Turning now to the figures, FIG. 1 is a block diagram of one example of a computing system architecture 100 on which the claimed subject matter may be implemented. A computing system 102 includes a central processing unit (CPU) 104, coupled to a monitor 106, a keyboard 108 and a pointing device, or “mouse,” 110, which together facilitate human interaction with computing system 100 and computing system 102. Also included in computing system 102 and attached to CPU 104 is a computer-readable storage medium (CRSM) 112, which may either be incorporated into computing system 102 i.e. an internal device, or attached externally to CPU 104 by means of various, commonly available connection devices such as but not limited to, a universal serial bus (USB) port (not shown).

CRSM 112 is illustrated storing logic associated with an operating system (OS) 114 and an example of a database management system (DBMS) 116, which includes a semantic store 118, a semantic model 121, semantic rules, or simply “rules,” 122 and data 124. CRSM 112 also is illustrated storing logic associated with a semantic driver 132 and a semantic rule engine or simply “rule engine,” 134. DBMS 116 and data 124 should be familiar to those with skill in the relevant arts. Semantic store 118, semantic model 121, rules 122, semantic driver 132 and rule engine 134 represent components of a semantic system that implements the claimed subject matter and are explained in more detail below in conjunction with FIGS. 2-7.

Computing system 102 and is connected to the Internet 140, which is also connected to a server computer 142. Like computing system 102, server would typically include a processor, CPU, monitor, keyboard and mouse, which are not illustrated for the sake of simplicity. Also coupled to server 142 is a CRSM 144. Further, although in this example, computing system 102 and server 142 are communicatively coupled via the Internet 140, they could also be coupled through any number of communication mediums such as, but not limited to, a local area network (LAN) (not shown). Further, it should be noted there are many possible computing system configurations, of which computing system architecture 100 is only one simple example.

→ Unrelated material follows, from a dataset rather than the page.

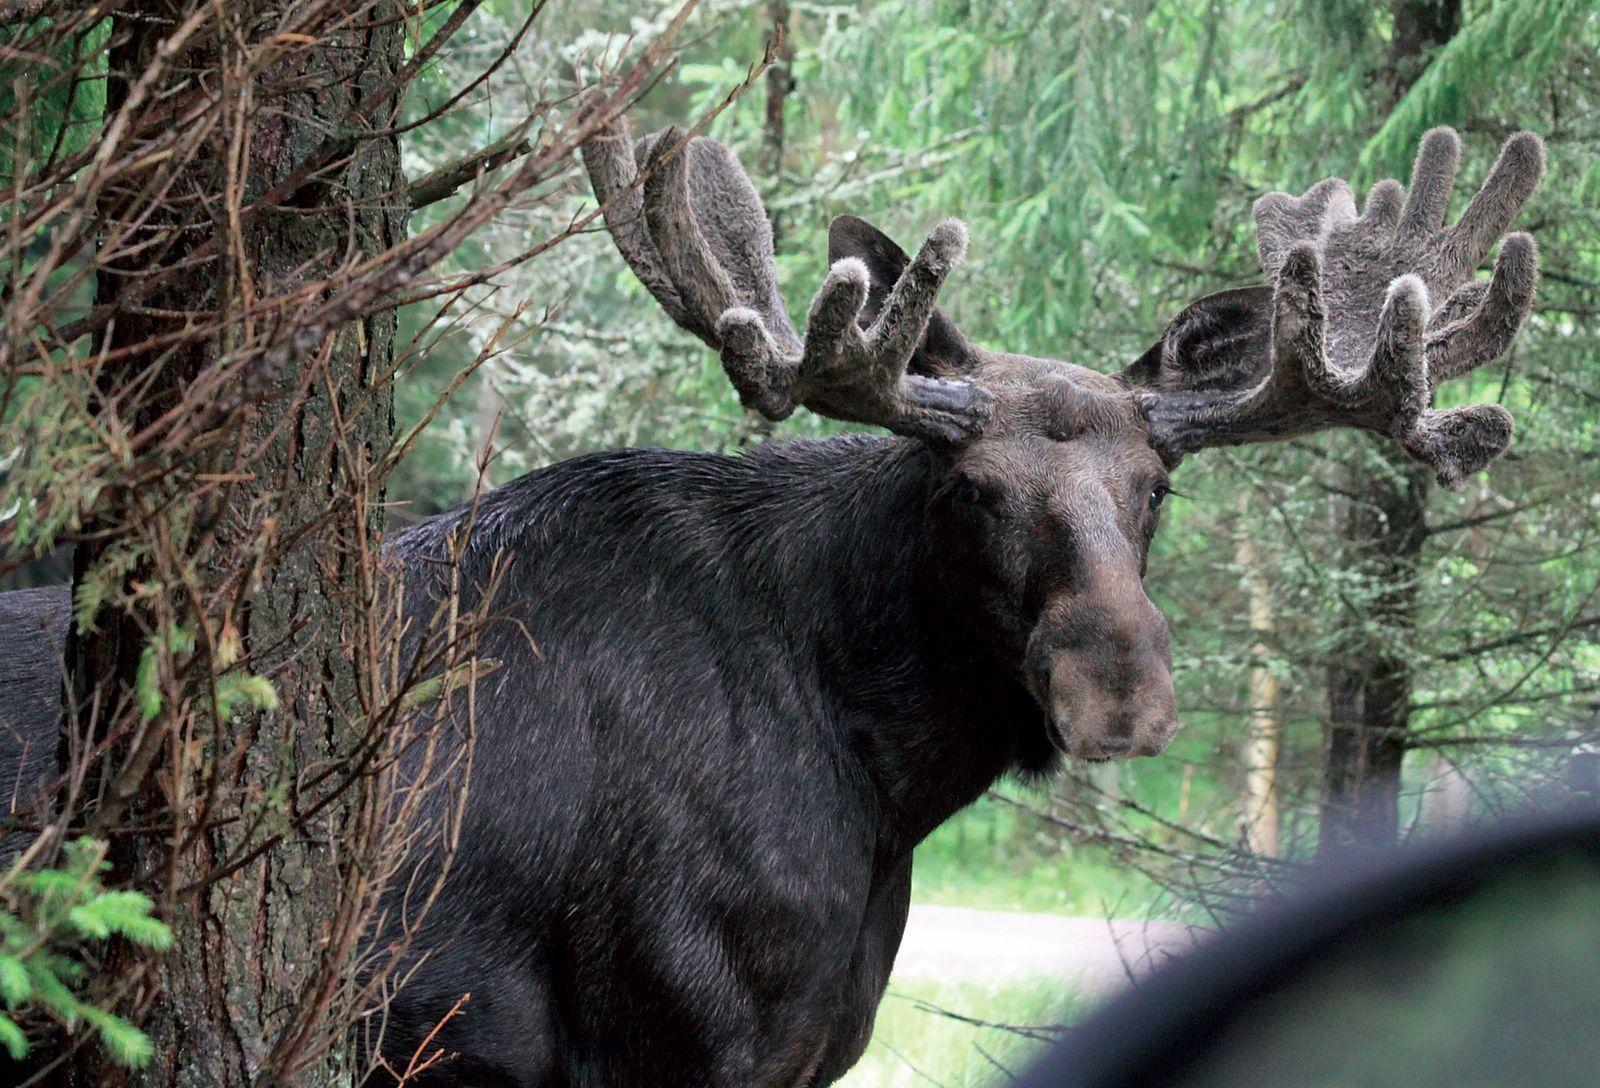 Szomorú látvány a gumiabronccsal a nyakában sétáló jávorszarvas – morzsaFARM

FIG. 2 is a block diagram showing the relationships among various elements of a semantic system 150 that may implement the claimed subject matter. Semantic system 150 includes semantic store 118, semantic model 121, rules 122, semantic driver 132 and rule engine 134, all of which were introduced above in conjunction with FIG. 1. With respect to the terminology of the relationship between elements 118, 121, 122, 132 and 134 of system 150, semantic store 118 is based on semantic model 121; semantic driver 132 is built on semantic model 121; rule engine 134 runs on rules 122 and invokes semantic driver 132; and rules 122 are verbalized on semantic model 121 and semantic driver 132.

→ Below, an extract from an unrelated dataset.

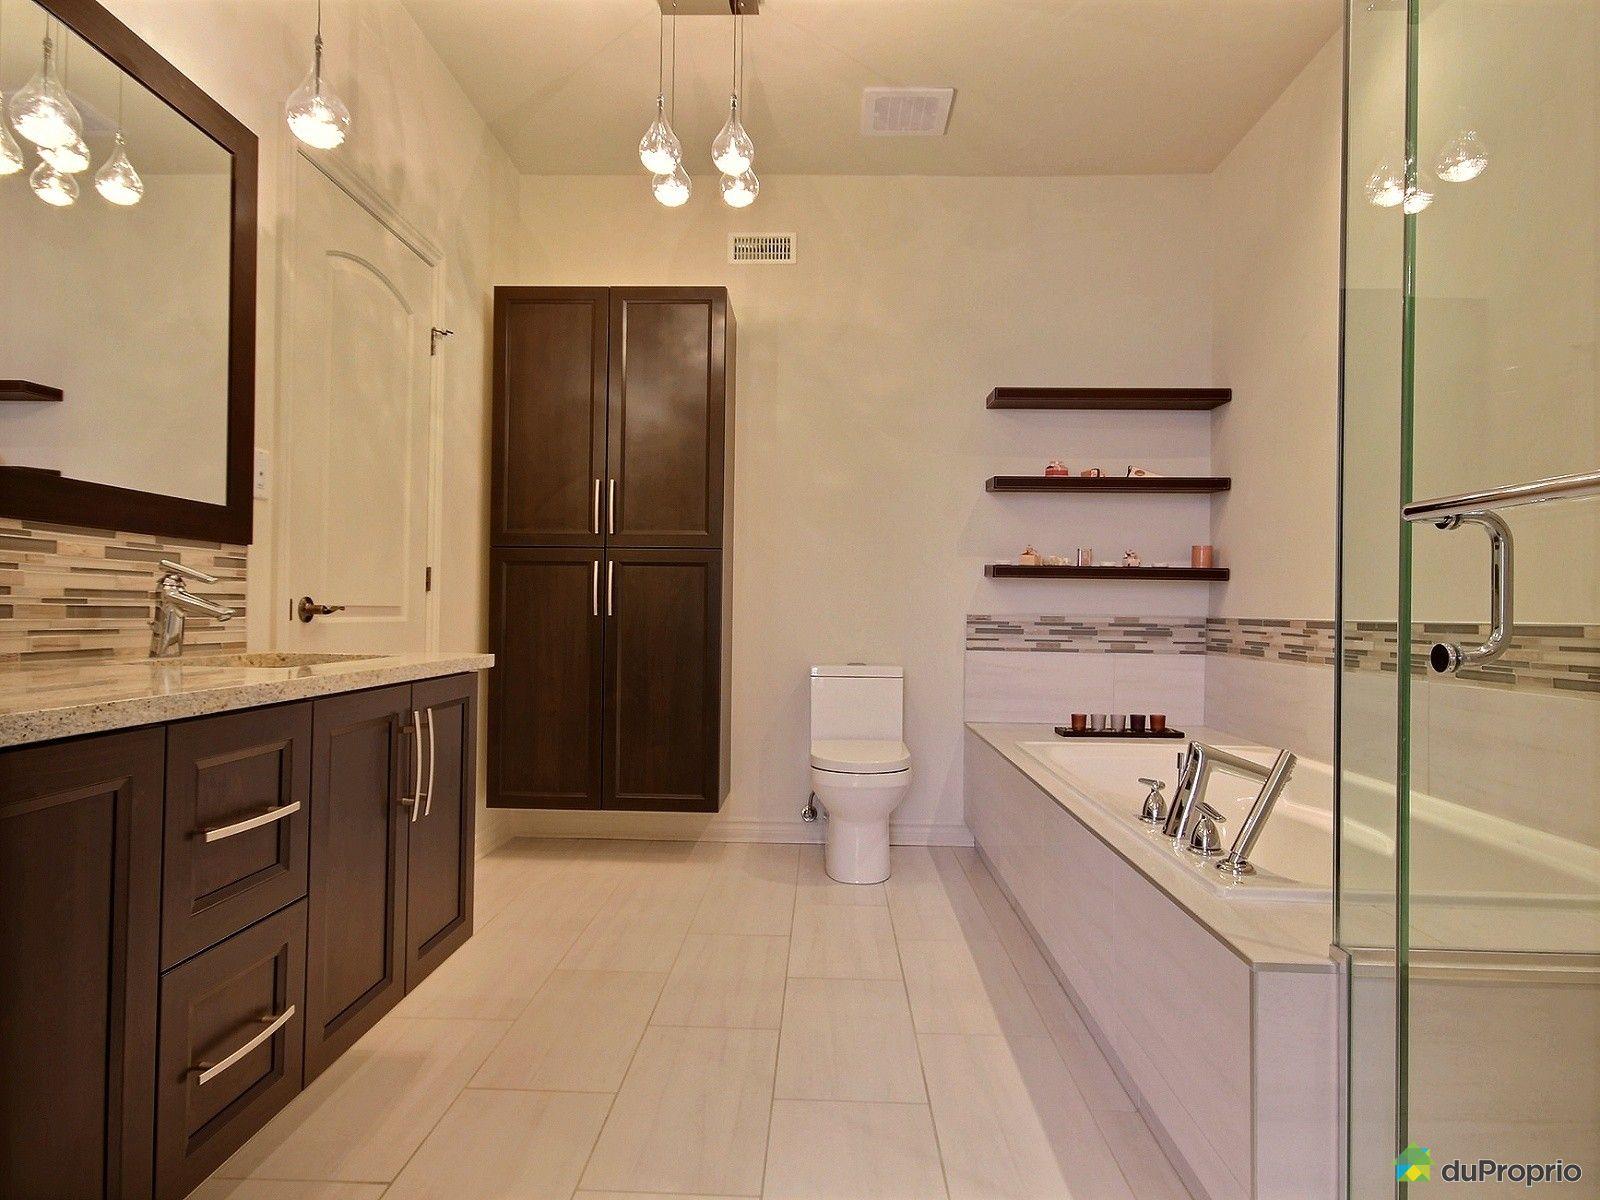 Maison vendre montr al 2211 rue des h misph res for Reno salle de bain quebec

Semantic store 118 supports semantic reasoning and stores semantic objects, which in this example include two semantic objects, i.e., a SO_—1 119 and a SO_—2 120, which capture aspects of a business operating model, such as, but not limited, to, business entities, properties of business entities and relationships between business entities. Semantic model 121 is a representation of domain knowledge and the “controller” for how rule engine 134 interprets and interacts with semantic store 118.

Rules 122 express conditions and actions that are taken if the conditions are met. In the presence of semantic driver 132, rules 122 is based upon semantic model 121, which underlies semantic store 118 and is expressed in terms of classes, properties and instances of semantic model 121. Rule engine evaluates domain data to determine if rules conditions are met and takes defined actions if conditions are met. Semantic driver 132 enables rule engine 134 to dynamically interact with and directly manipulate objects such as SO_—1 119 and SO_—2 120 in semantic store 118 and allows rule conditions to be evaluated directly against objects in semantic store 118 and rule actions to change objects in semantic store 118. Both semantic driver 132 and rule engine 134 are domain agnostic in the described embodiment.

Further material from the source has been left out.